Globe Trot 08.12
Marine Lance Cpl. Gregory T. Buckley Jr. was only weeks away from returning from southern Afghanistan when he became one of the latest casualties in "blue on green" violence. Ten U.S. military personnel have been killed this month by such insider violence, shot by Afghan military or police they were in charge of training.
More than 2,500 Syrians entered Turkey in a 24-hour period this week, with Syria's neighbor now sheltering about 70,000 Syrians from civil war.
Syrian President Bashar al-Assad made his first public appearance since a July bomb attack in Damascus, attending prayers marking the Muslim Eid holiday. Fighting between government forces and rebels led by the Syrian Free Army continues in Aleppo, Damascus, and in border areas, particularly near the Syria-Iraq border.
Mali has formed a unity government, five months after a military coup in the West African nation ushered in Islamist control-and chaos that forced nearly half a million people to flee their homes. Coup leader Capt. Amadou Sanogo handed power to an interim civilian government months ago but still is seen as exerting power behind the scenes. His militants in their quest to implement a strict version of Shariah, or Islamic law, stoned to death an adulterous couple and chopped off the hand of a suspected thief.
Ancient shrines and medieval manuscripts housed in Timbuktu are suffering as a result of the Islamist rampage, according to this BBC slideshow.
The north-south diplomatic squabble over WikiLeaks founder Julian Assange continues, with Ecuador promising indefinite asylum and housing in its British embassy, while Britain has threatened to enter the embassy to arrest the hacktivist. Assange faces rape and sexual assault charges in Sweden, and is under investigation by the U.S. Justice Department.
Pakistani police last week arrested a Christian girl believed to be 11 years old and with Down syndrome on charges of blasphemy after neighbors insisted she had burned a Quran. Her arrest is sparking reexamination even inside Pakistan of the country's ruthless blasphemy laws.

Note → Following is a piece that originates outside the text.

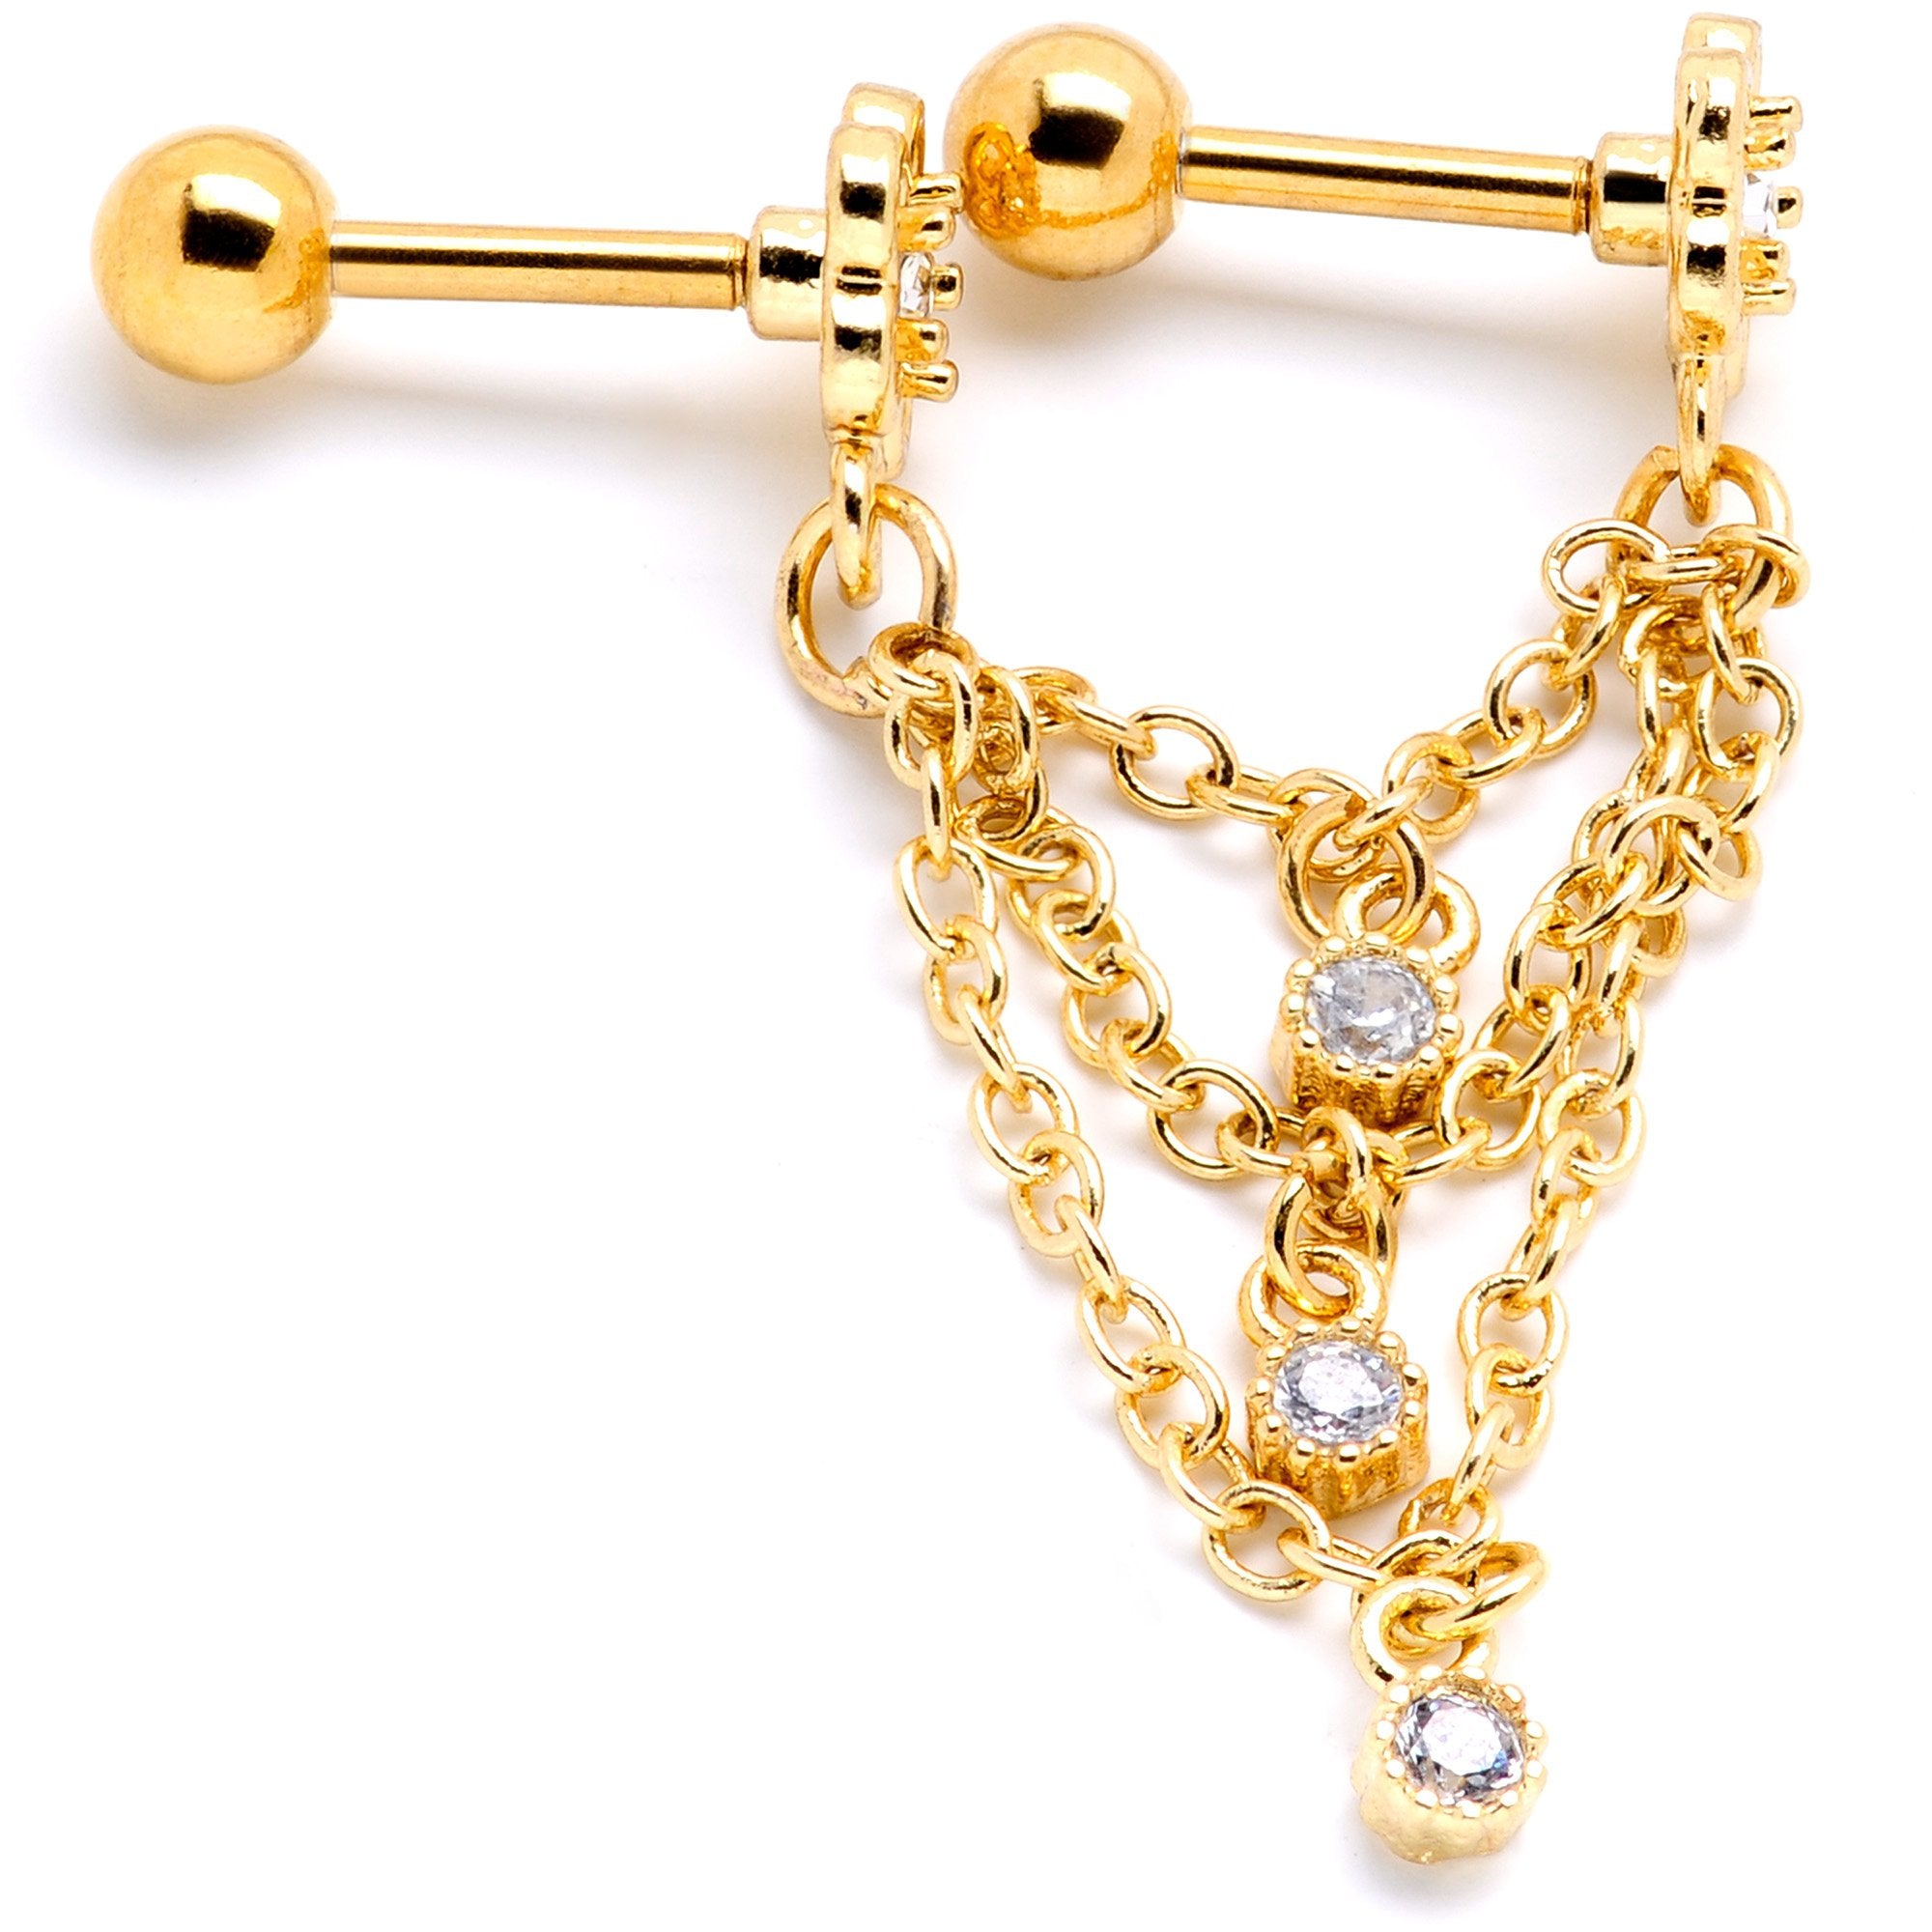 16 Gauge 1/4 Clear Gem Gold PVD Flower Cartilage Chain Earring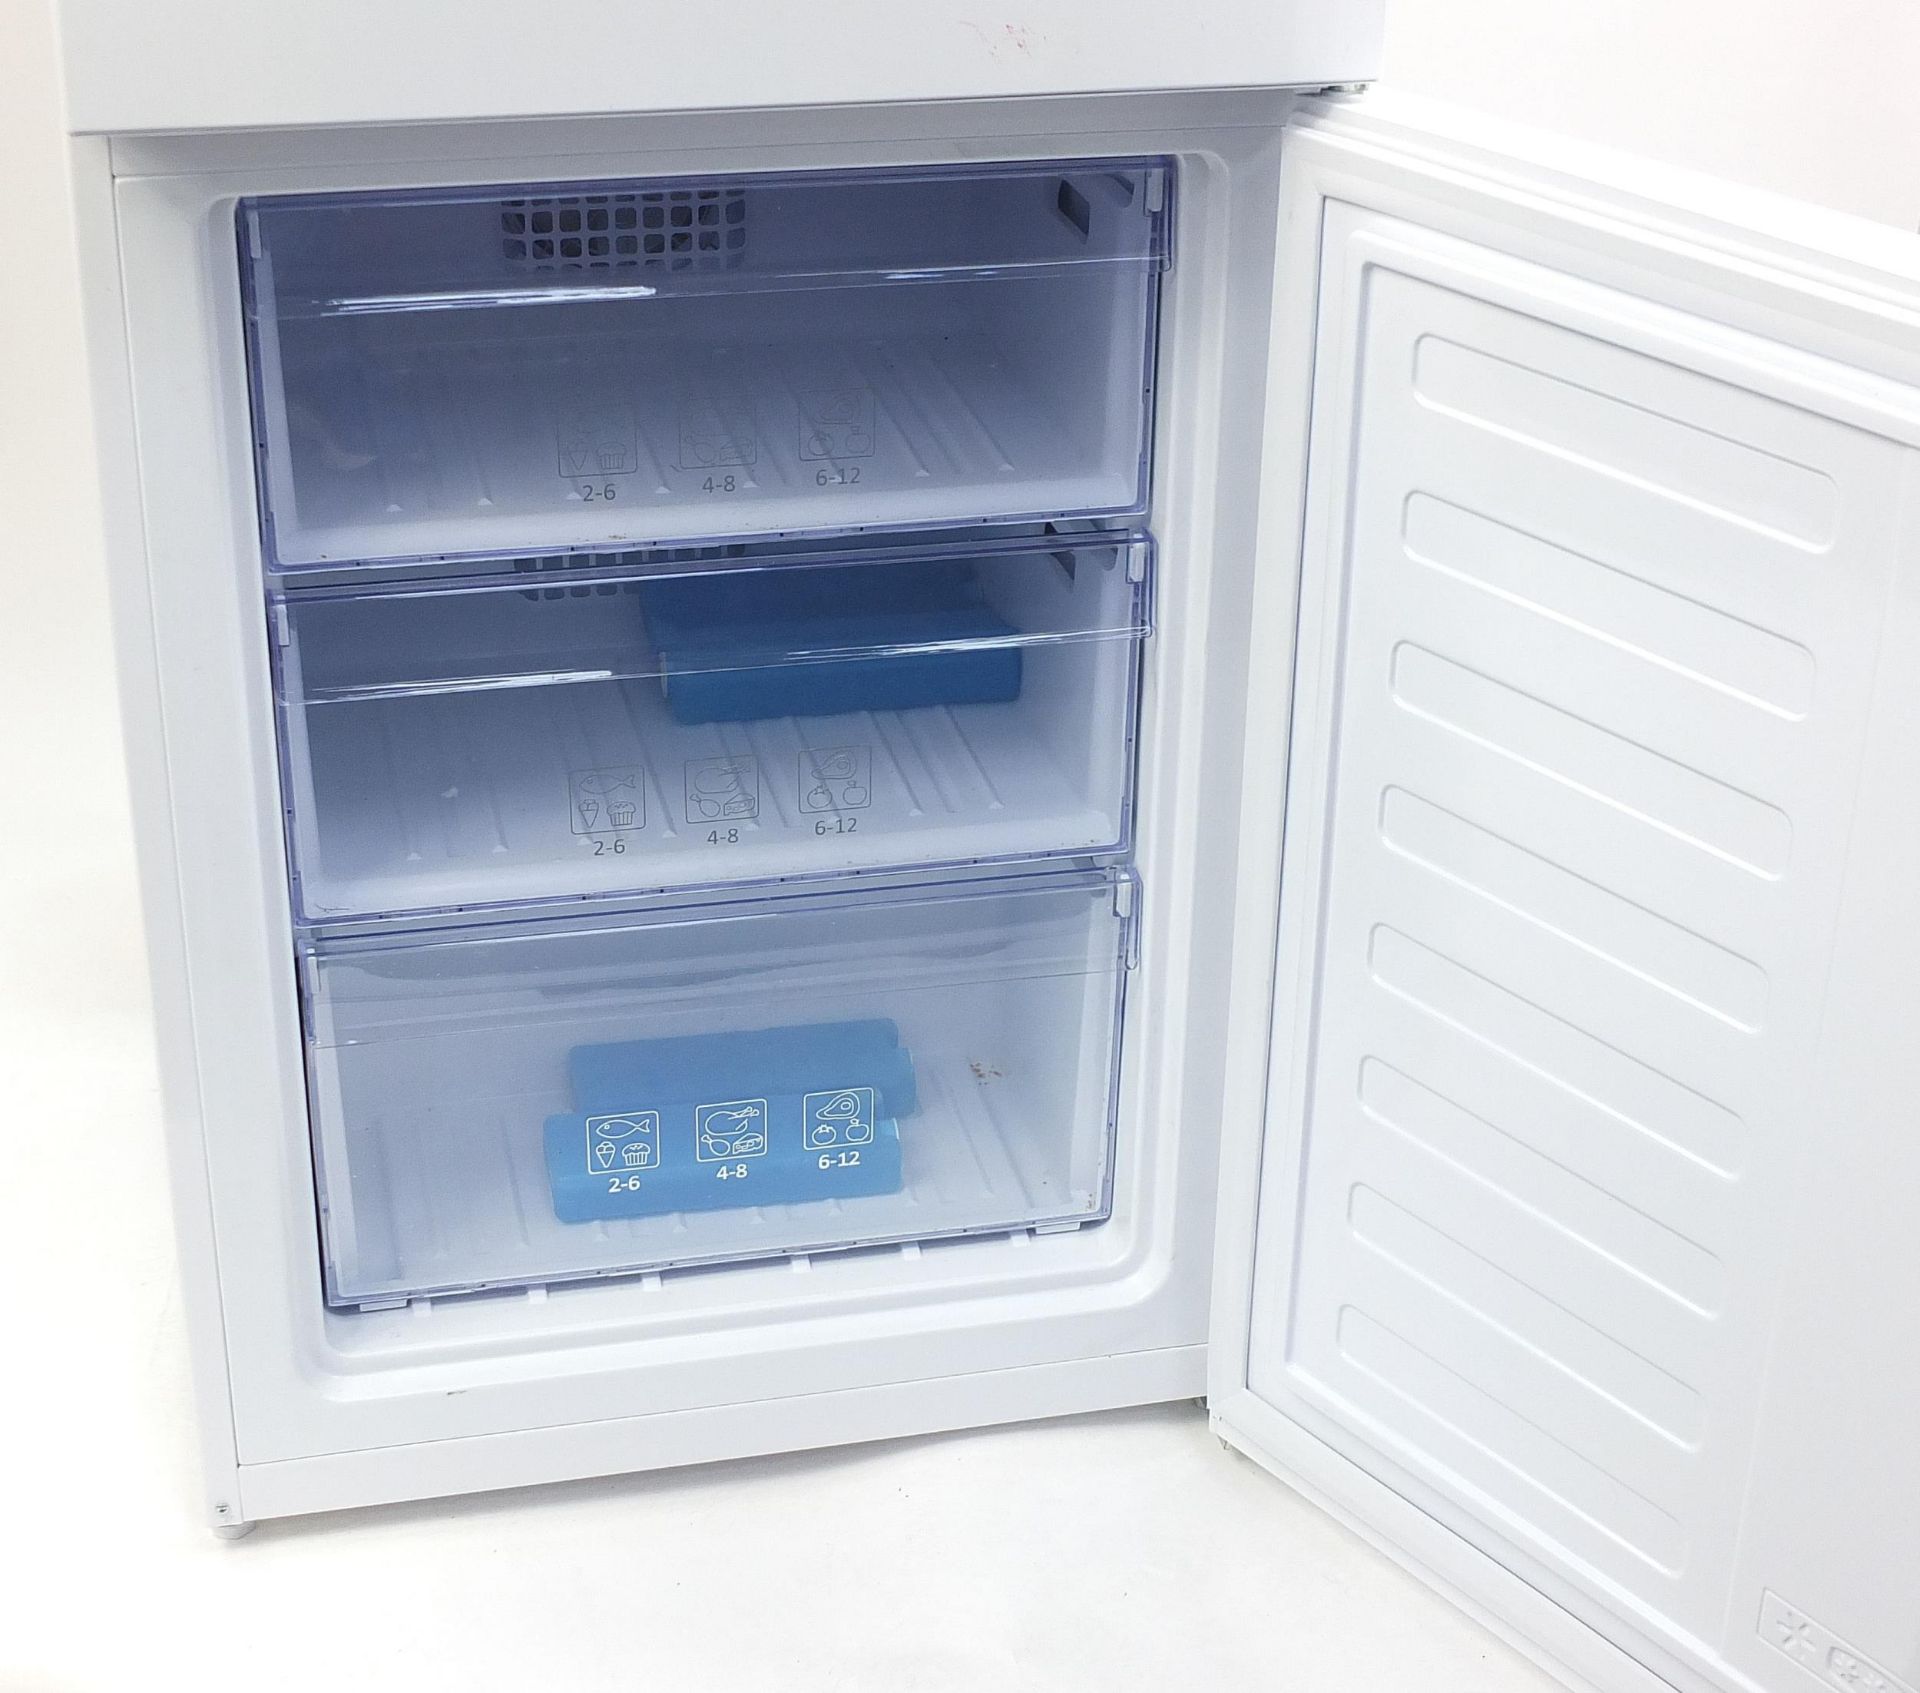 Beko fridge freezer, 172cm H x 59cm W x 64cm D - Image 3 of 4

A number of U.S. embassies around the world, including in countries without Muslim majorities like the Philippines and Nigeria, closed for the Muslim Eid al-Fitr holiday this week. Surprising? Even the U.S. Embassy in Estonia sent out Eid greetings, and in Kabul an Eid greeting from the U.S. Embassy in Afghanistan issued condolences for "Muslim civilians" killed during Ramadan and Eid but no acknowledgement of possible holiday-related fatalities of U.S. troops there, which stand at 42 already for the month of August. I'm curious about how much the Eid-related closures cost the U.S. taxpayer.